Required action: Please give back word for word the lines of the material below between the line containing "Platz, 2007" and the line containing "Karen Gibbons ist", inclusive.

Given data:

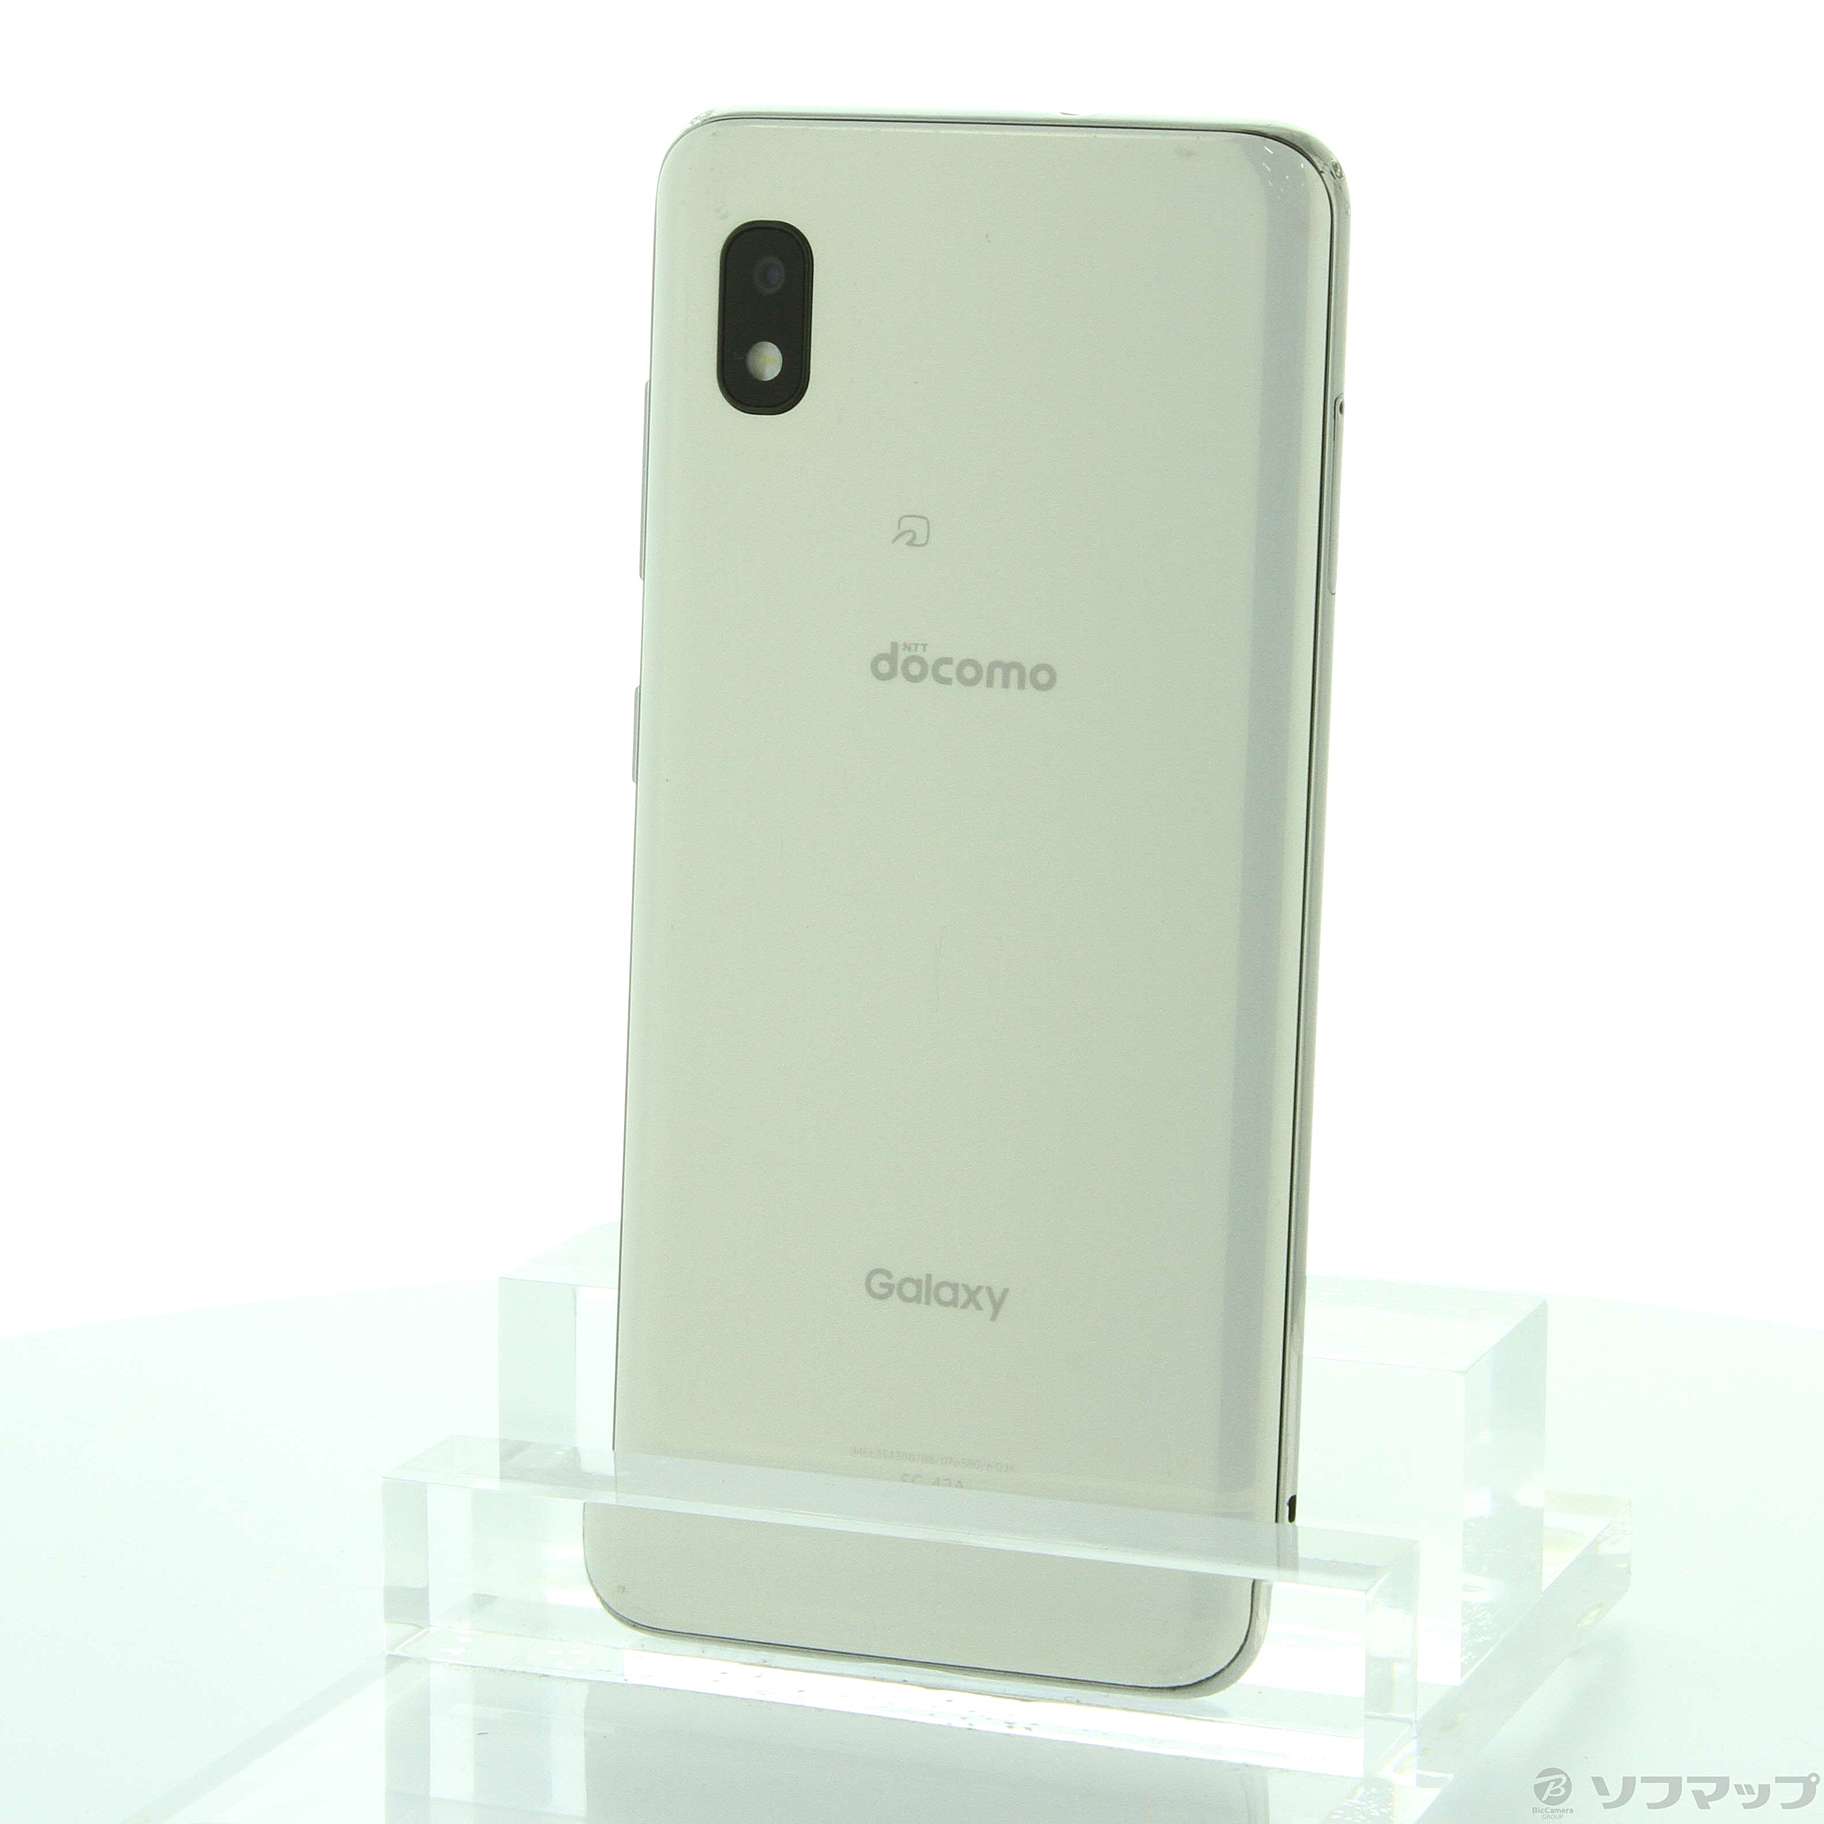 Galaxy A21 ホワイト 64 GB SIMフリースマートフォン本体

==

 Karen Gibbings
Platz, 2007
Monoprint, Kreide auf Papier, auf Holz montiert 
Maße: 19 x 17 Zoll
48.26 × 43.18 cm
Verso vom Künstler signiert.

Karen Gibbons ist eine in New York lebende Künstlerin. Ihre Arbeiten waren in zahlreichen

Output for this task:
Platz, 2007
Monoprint, Kreide auf Papier, auf Holz montiert 
Maße: 19 x 17 Zoll
48.26 × 43.18 cm
Verso vom Künstler signiert.

Karen Gibbons ist eine in New York lebende Künstlerin. Ihre Arbeiten waren in zahlreichen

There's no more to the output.